### ACTIVITY
Exact copy, no pictures: return all the data below as written.

### INFORMATION PROVIDED
====

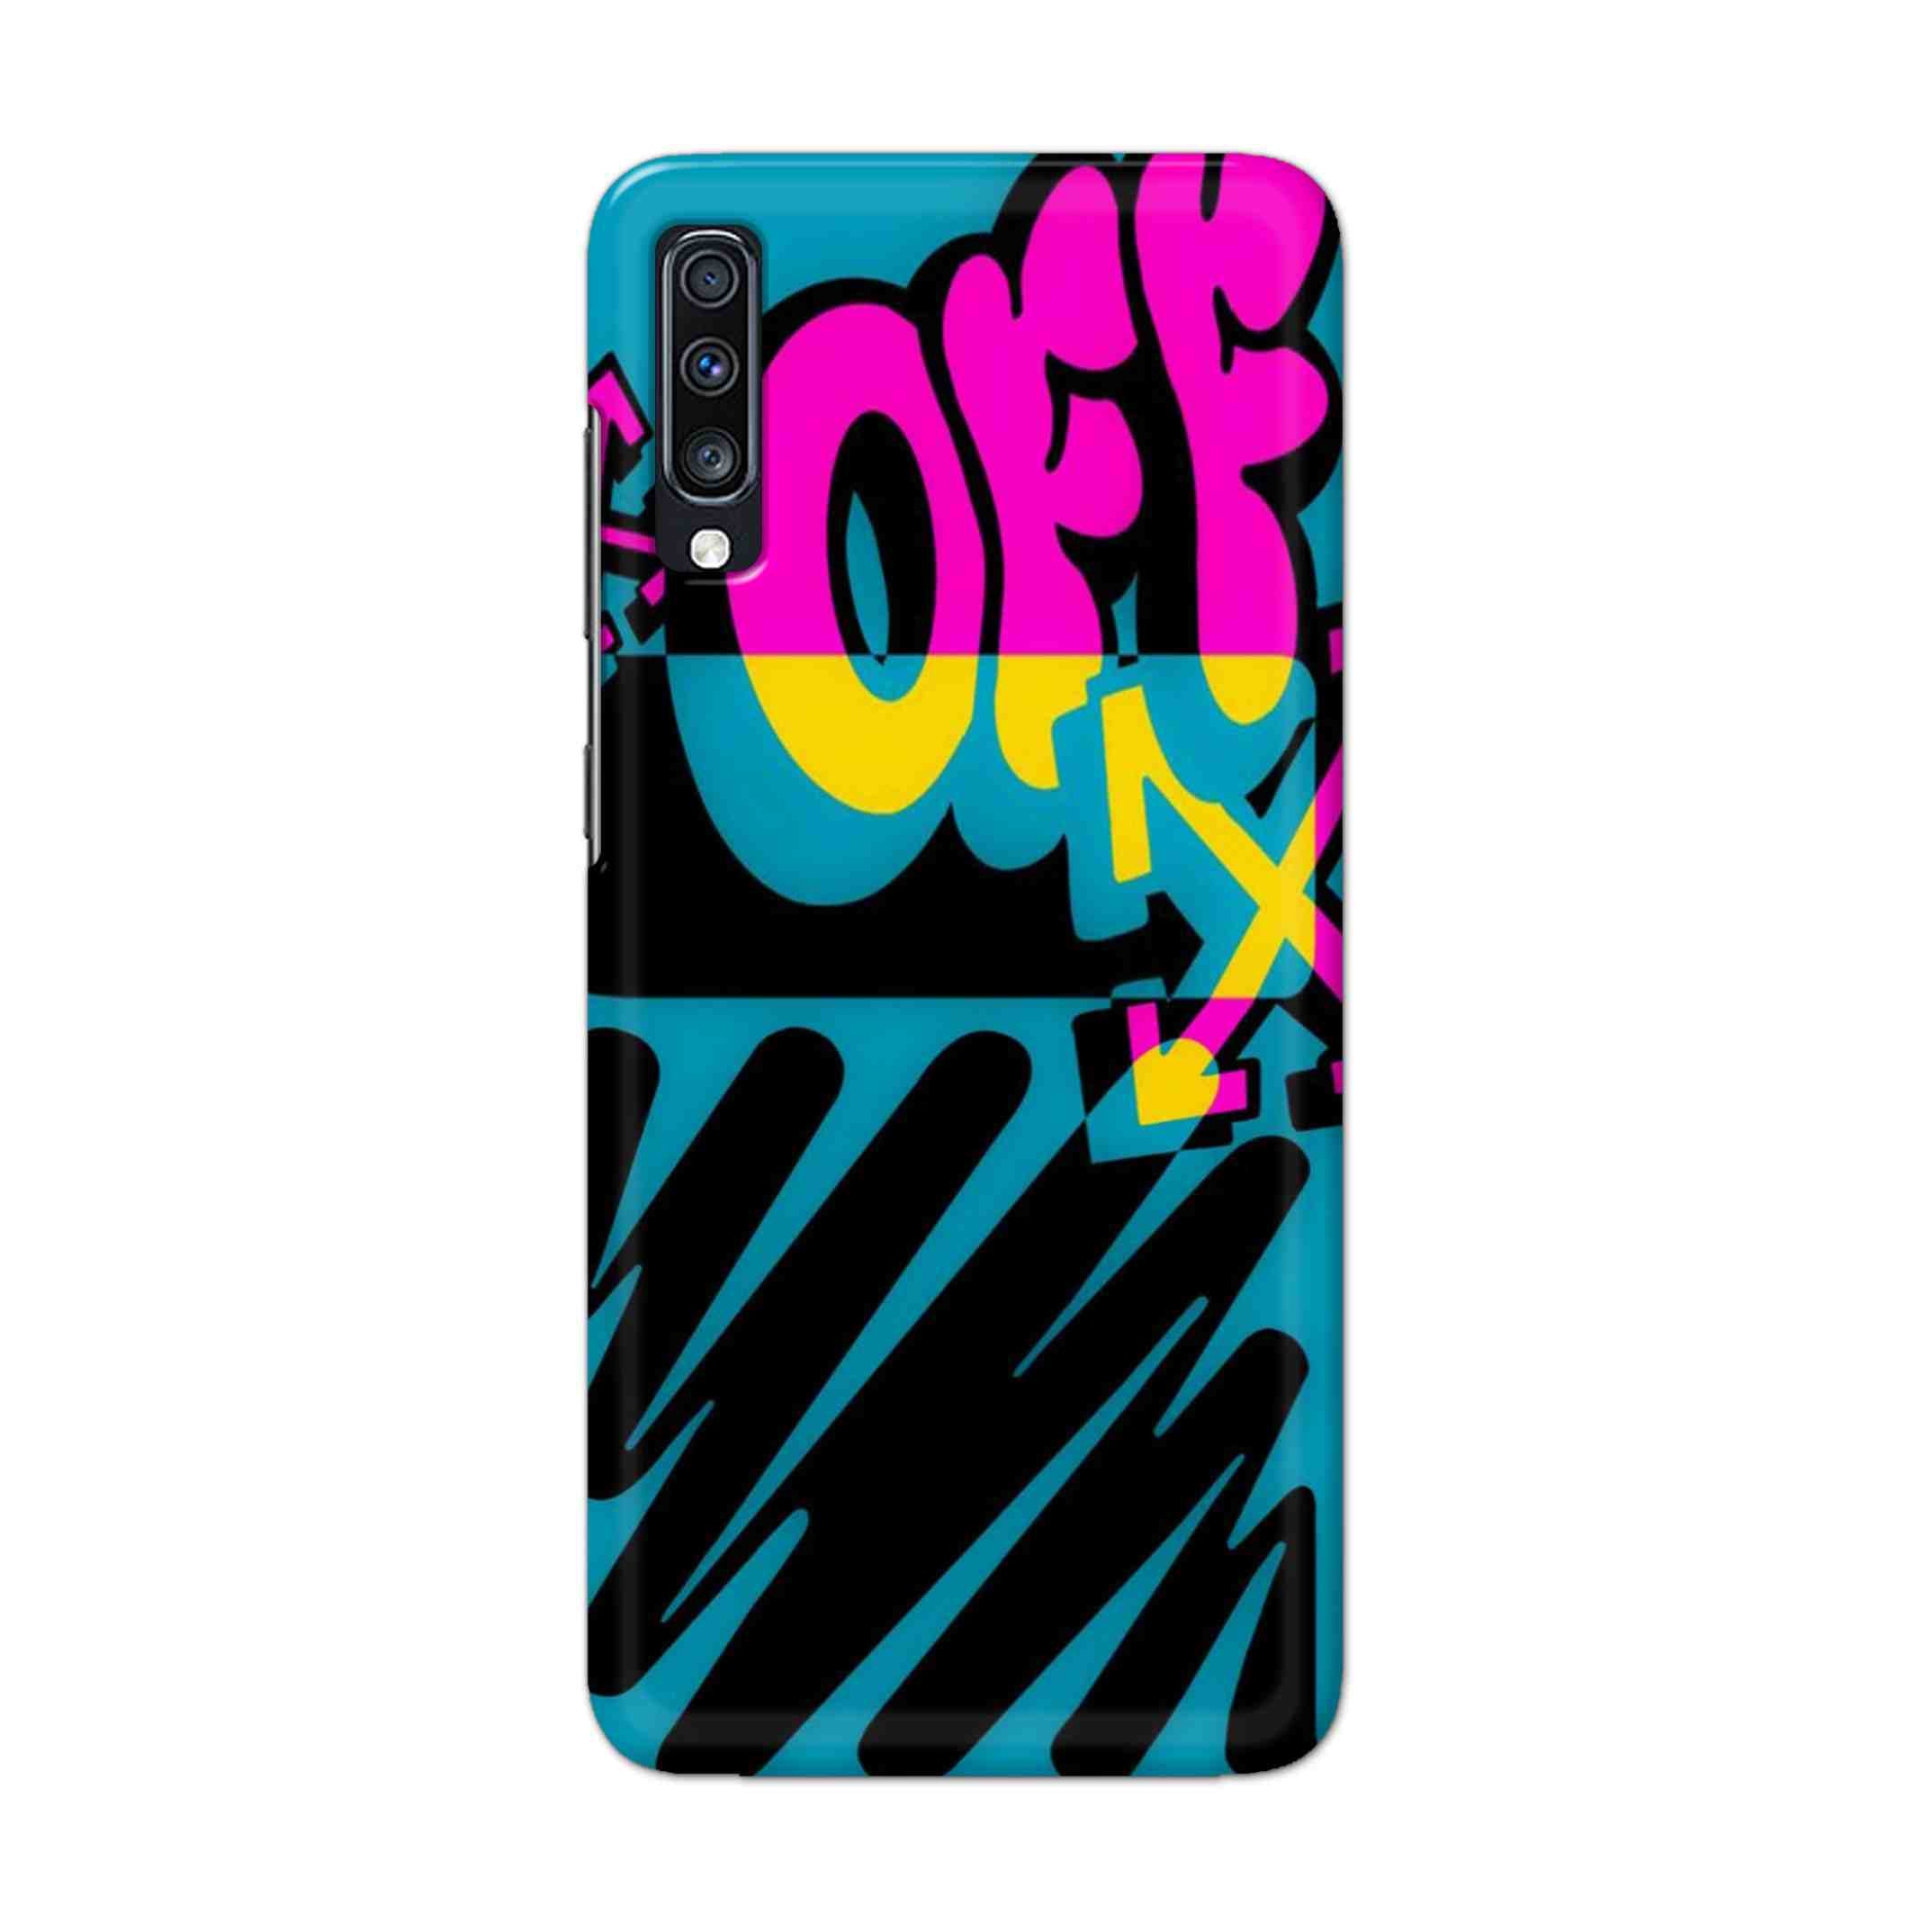 Buy Off Hard Back Mobile Phone Case Cover For Samsung Galaxy A70 Online
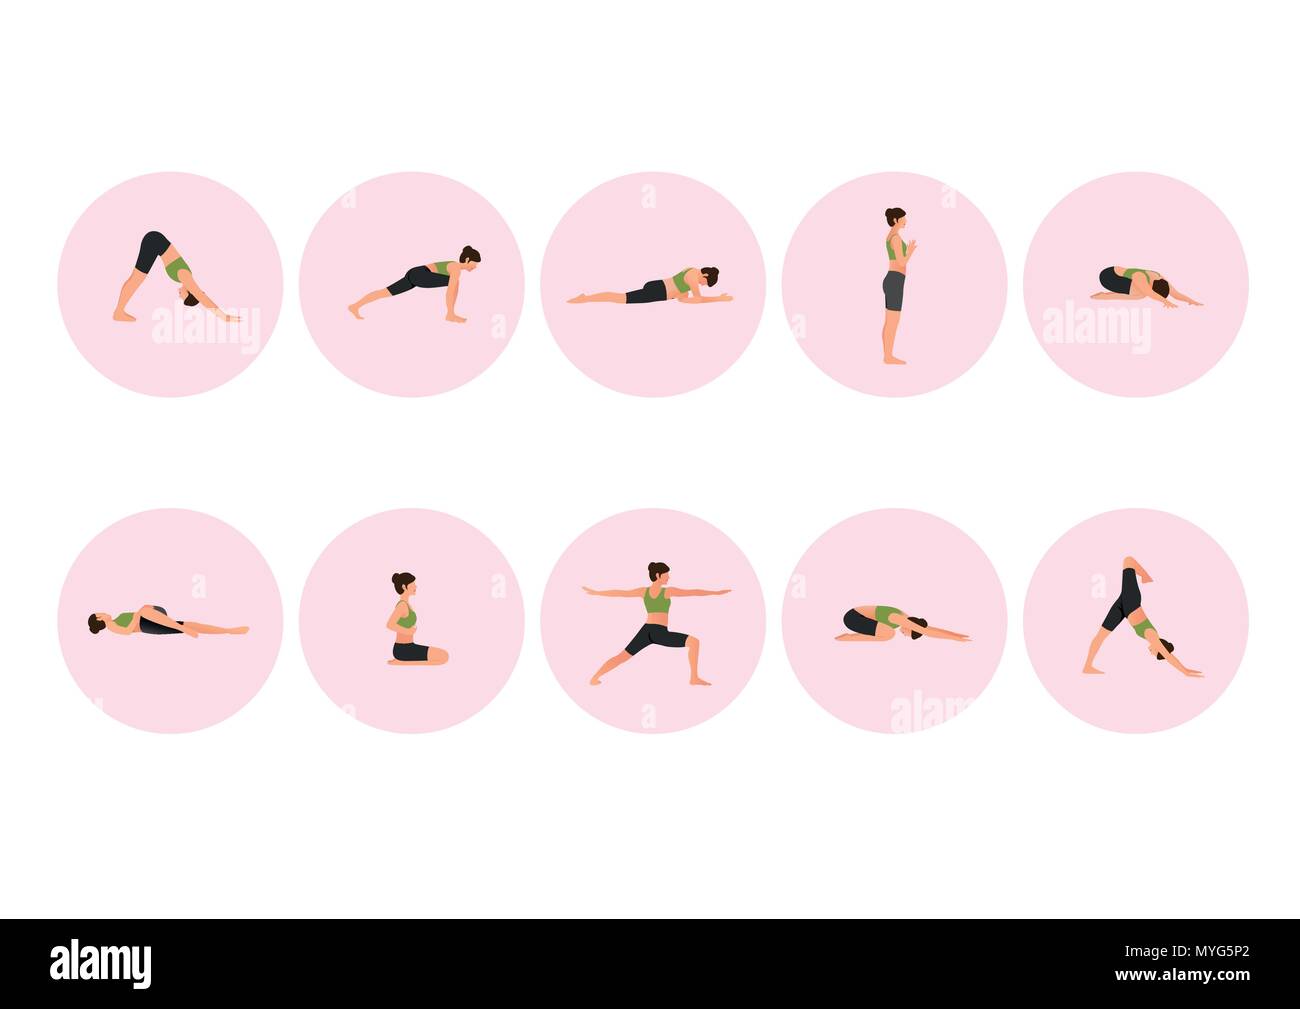 Training people icons set for sport and fitness. Flat style design vector illustration. 002 Stock Vector
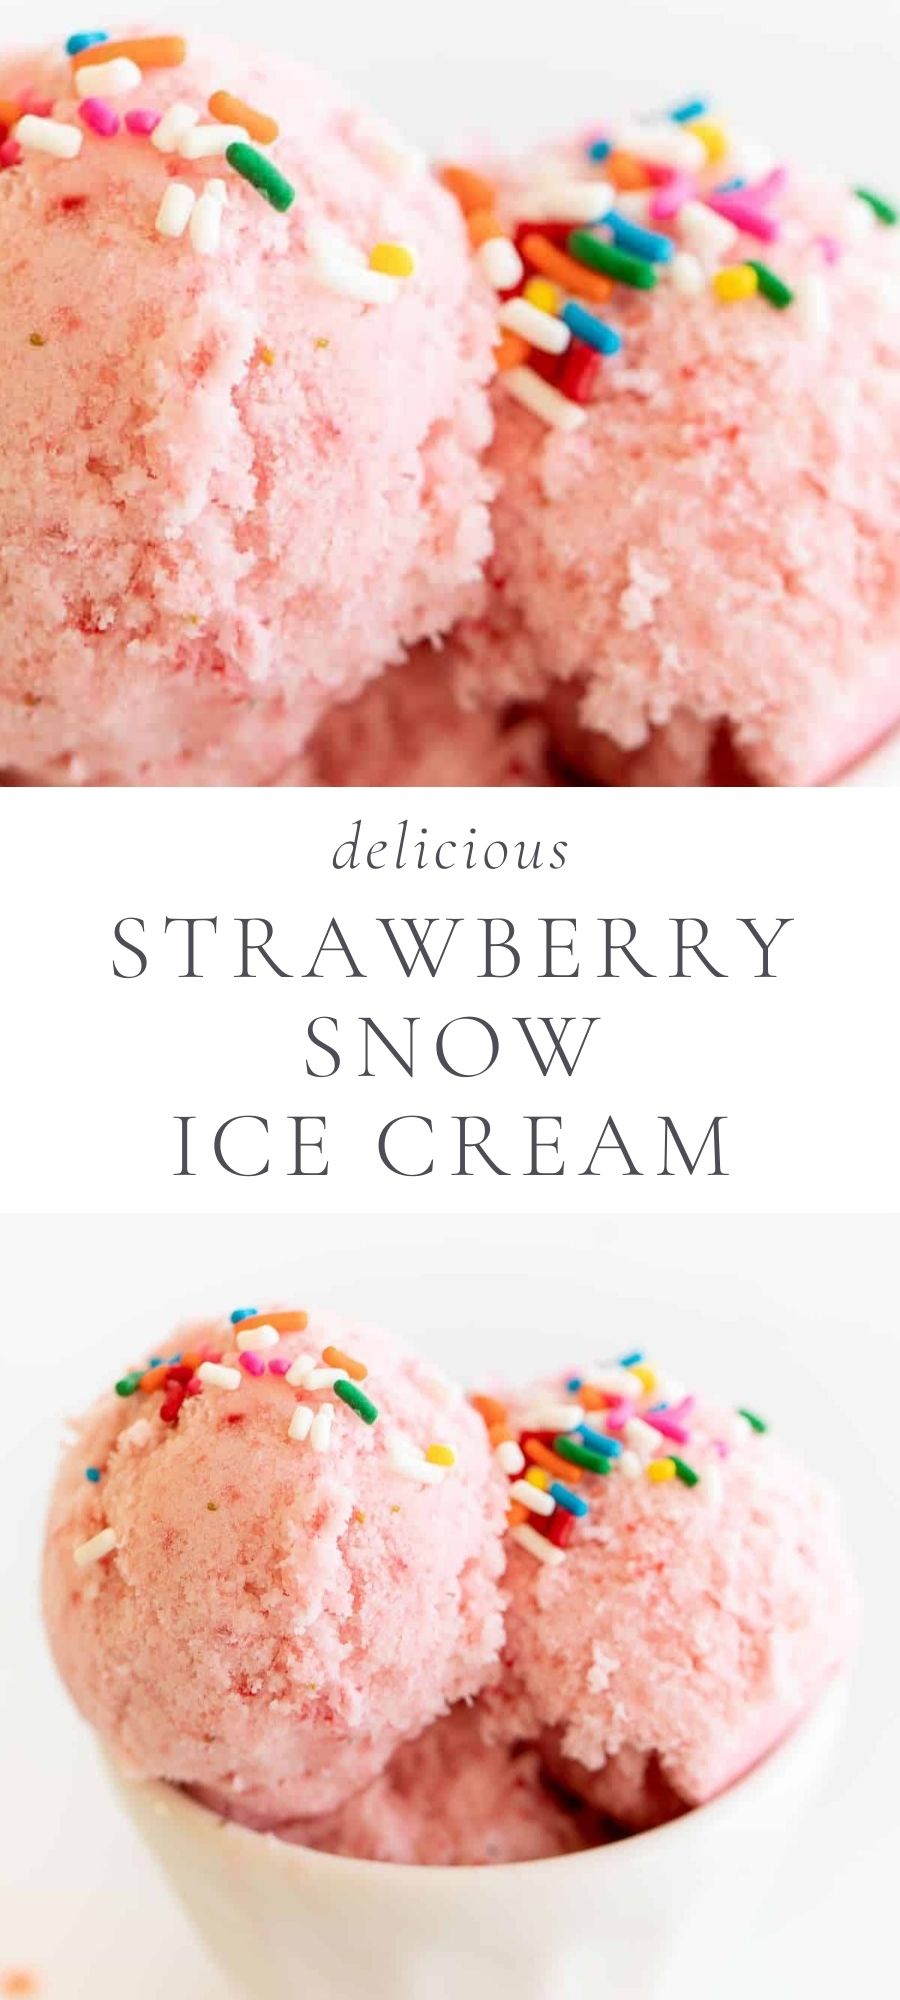 Scoops of strawberry snow ice cream with sprinkles
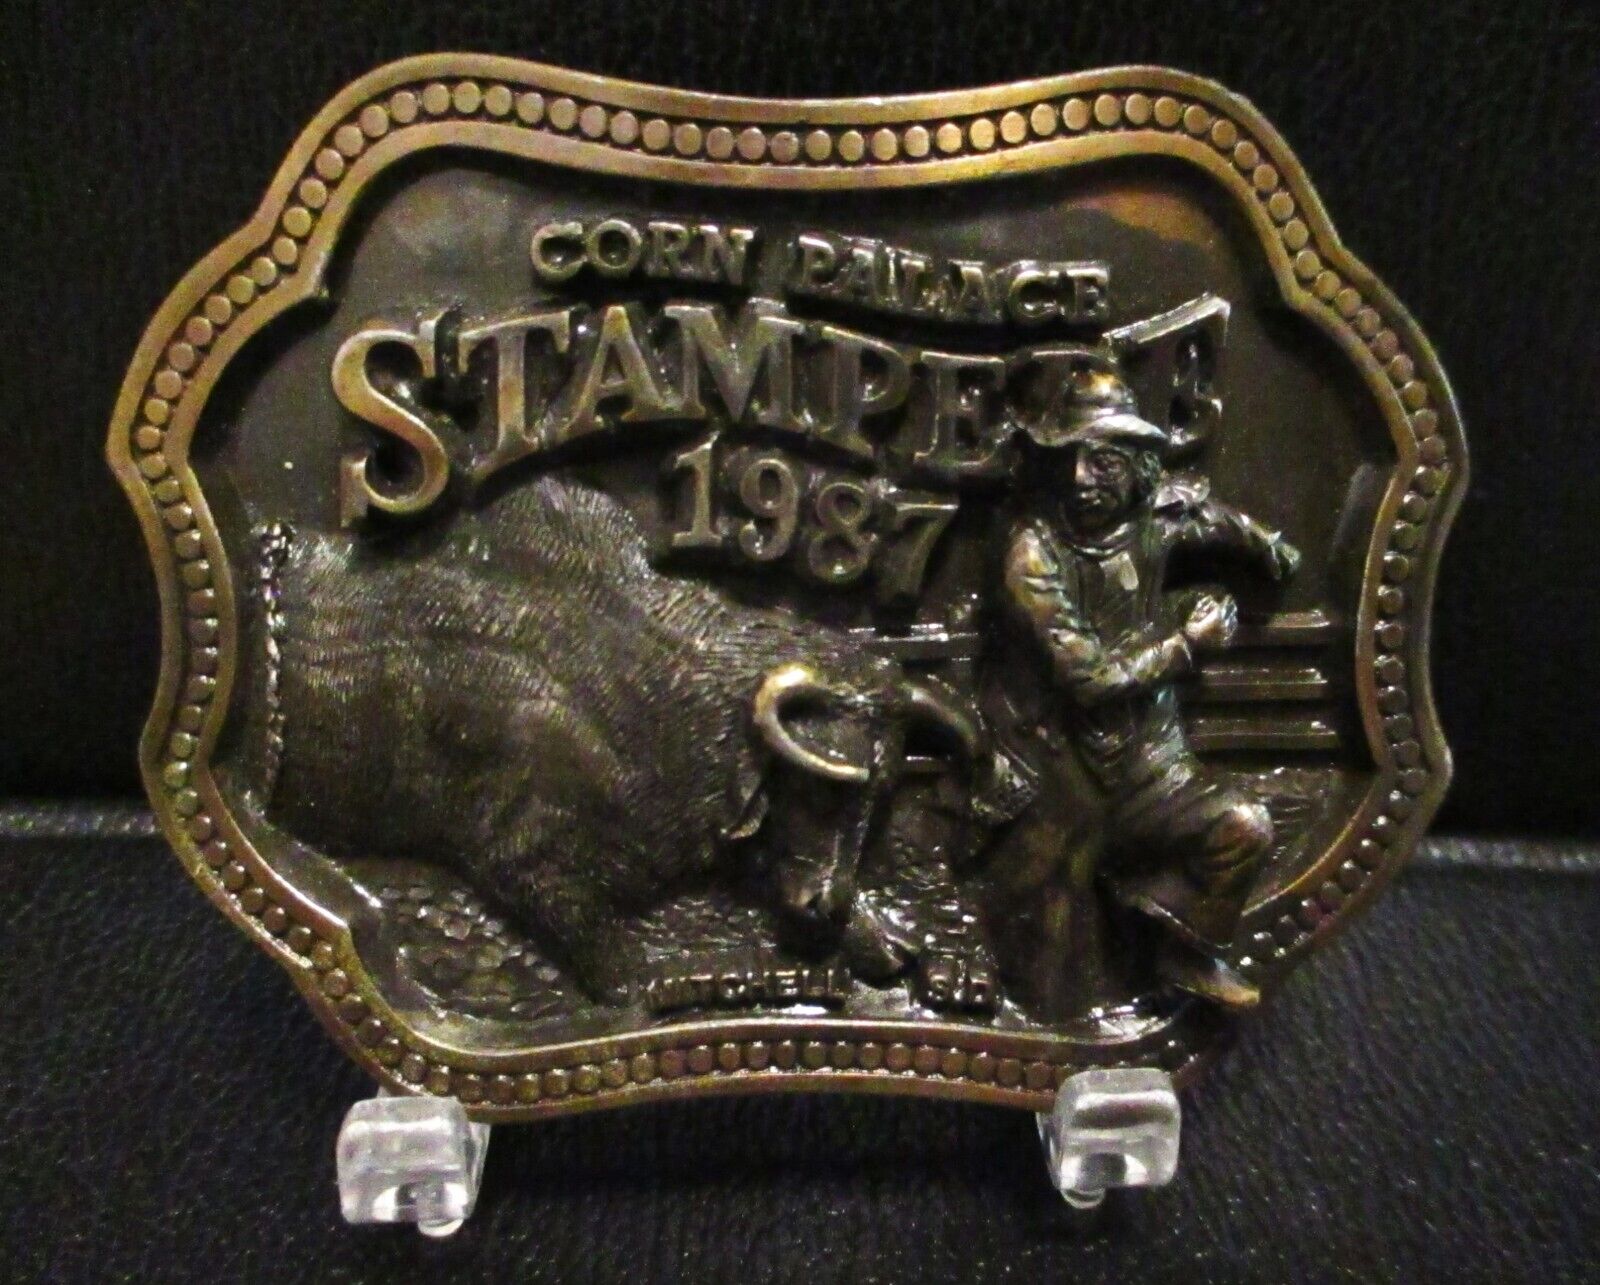 17th Corn Palace Stampede Mitchell SD PRCA Rodeo Bull Clown 1987 Belt Buckle LE

====

### EXERCISE ANSWER
 Buy Off Hard Back Mobile Phone Case Cover For Samsung Galaxy A70 Online
 Training people icons set for sport and fitness. Flat style design vector illustration. 002 Stock Vector
 Scoops of strawberry snow ice cream with sprinkles
 17th Corn Palace Stampede Mitchell SD PRCA Rodeo Bull Clown 1987 Belt Buckle LE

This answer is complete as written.